Pratylenchus spp., 28S rDNA-based Bayesian phylogenetic tree revealing relationships within clades IV (‘P. penetrans group’) and VI (‘P. zeae group’). Numbers near nodes stand for posterior probabilities. The newly obtained 28S rDNA sequence of P. brachyurus and P. delattrei from Cape Verde are indicated in bold.

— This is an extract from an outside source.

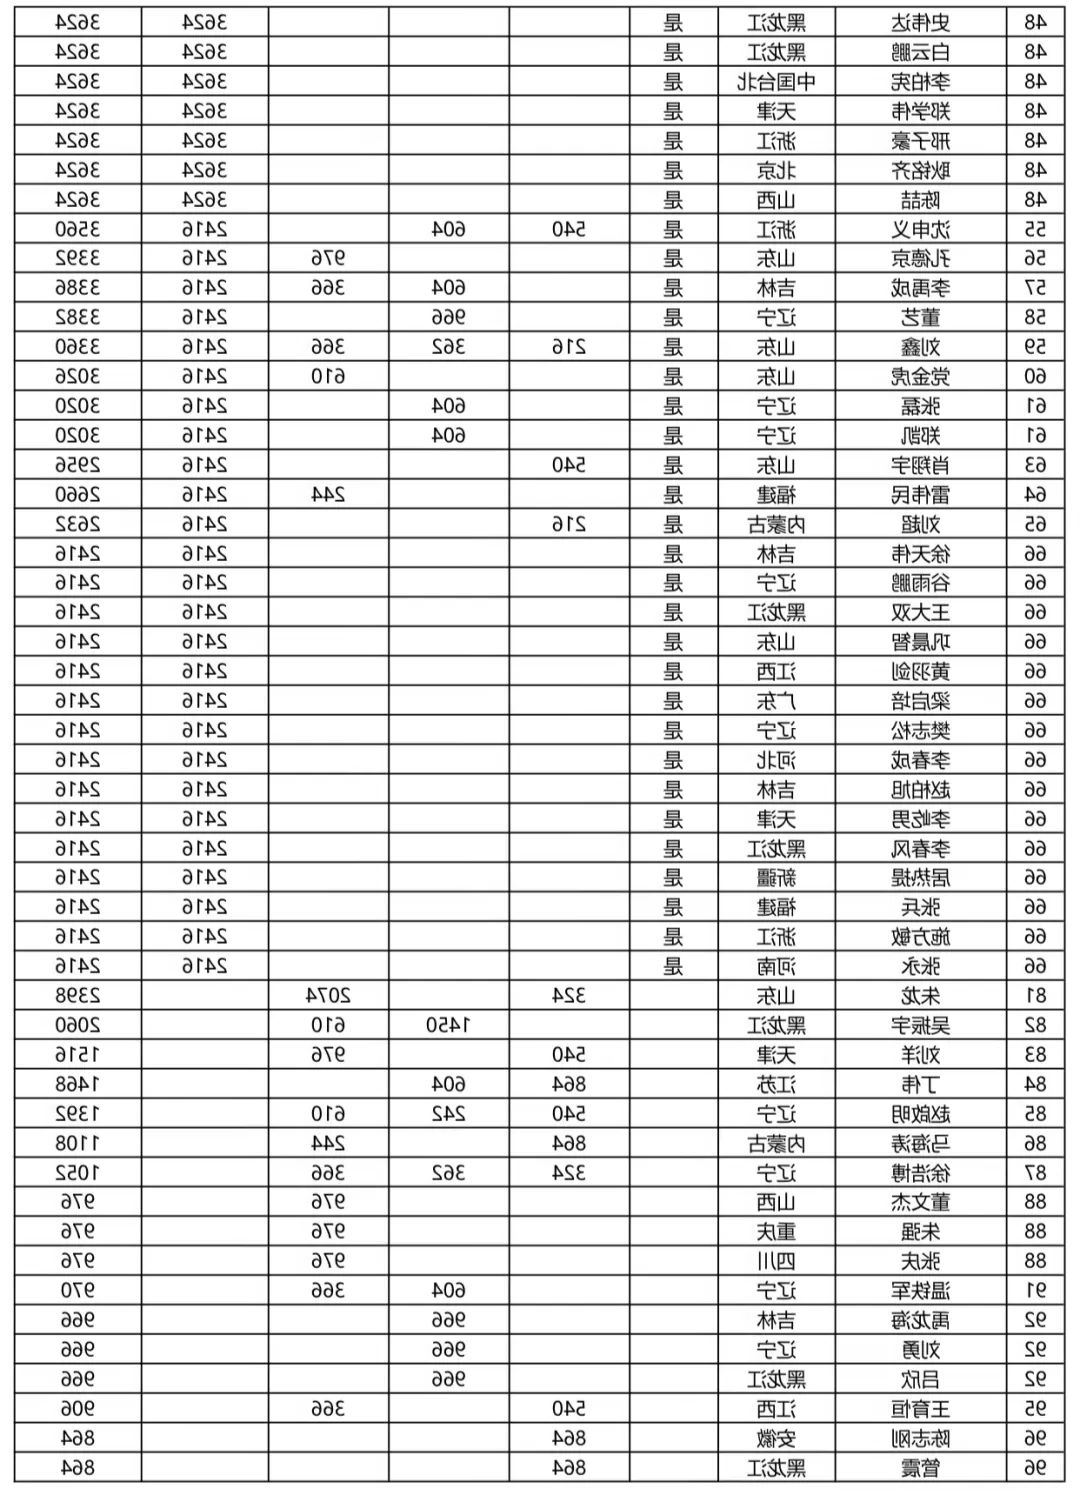 【重要】最新CBSA中式台球男子排名（截至中国公开赛）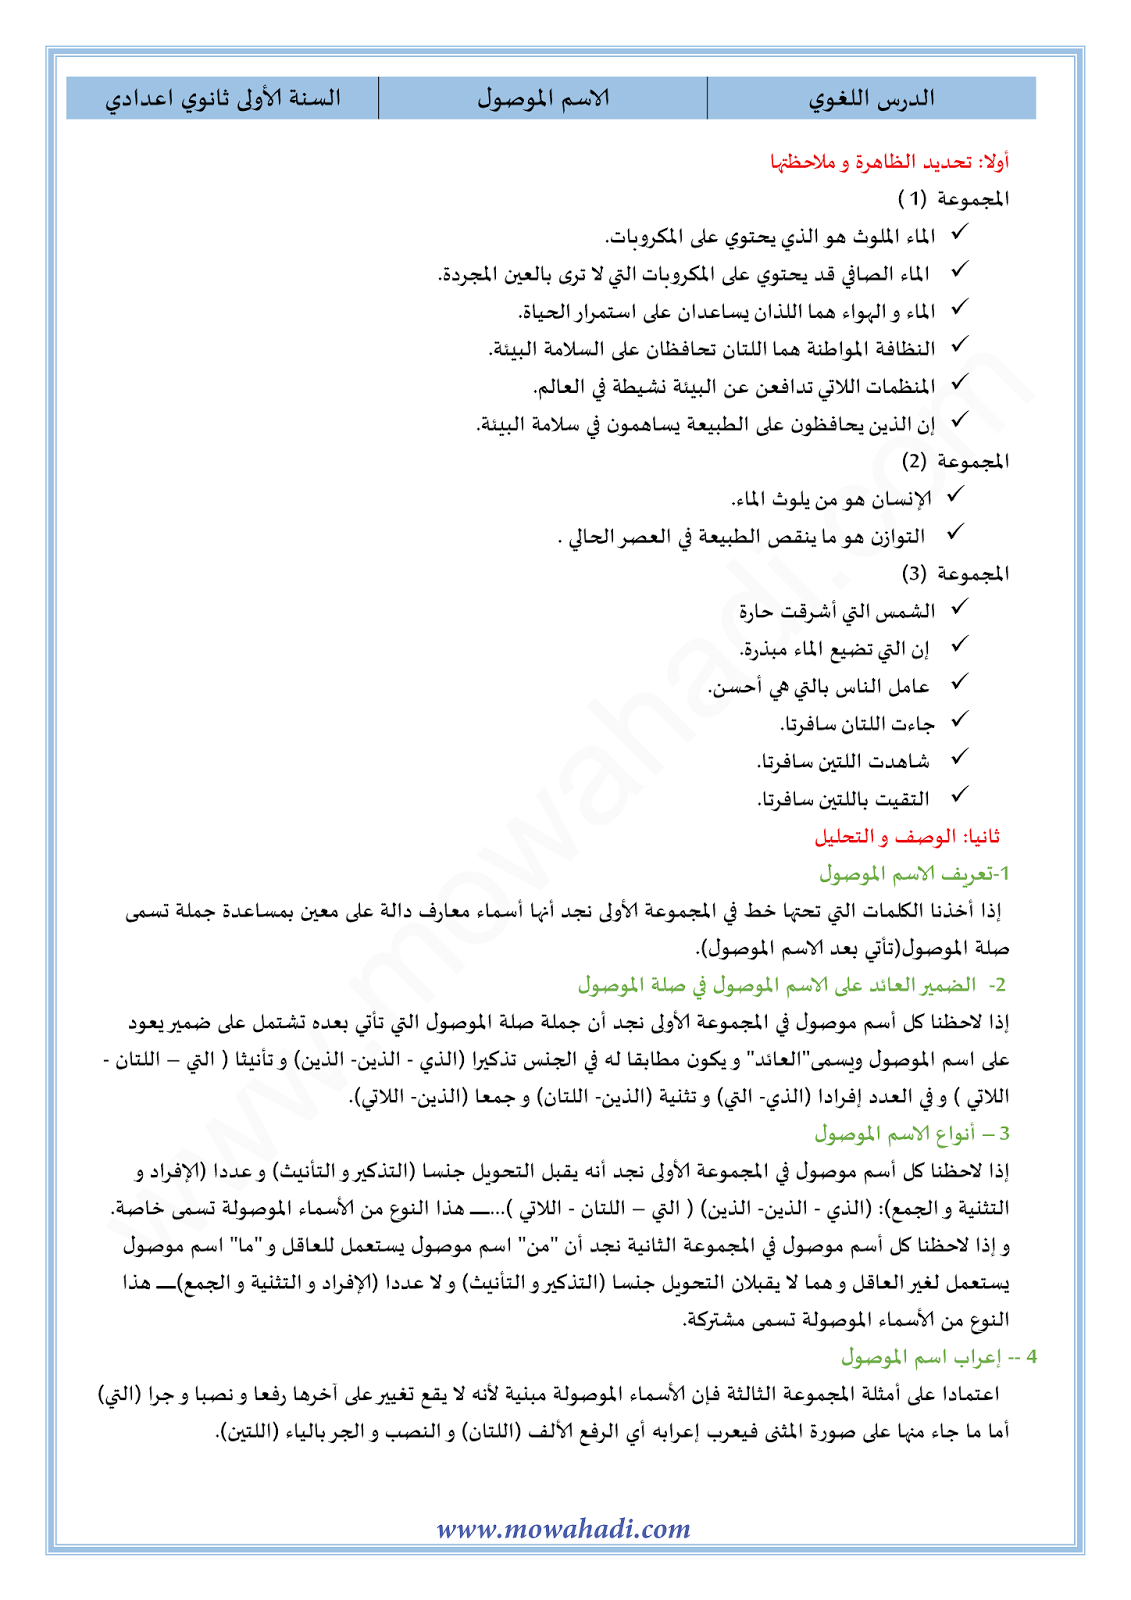 الدرس اللغوي الاسم الموصول للسنة الأولى اعدادي في مادة اللغة العربية 17-cours-dars-loghawi1_001

Representatives of P. brachyurus and P. delattrei species are considered economically important plant-parasitic nematodes that are widespread mainly in tropical environments (Godfrey, 1929; Loof, 1978; Castillo & Vovlas, 2007). It is noteworthy that the distribution range of P. brachyurus is broader. This species has been detected on all continents except Antarctica (Tarjan & O’Bannon, 1969; Castillo & Vovlas, 2007). This report broadens our knowledge of nematode biodiversity of Cape Verde as well of the morphometry and molecular characteristics of two economically important species P. brachyurus and P. delattrei.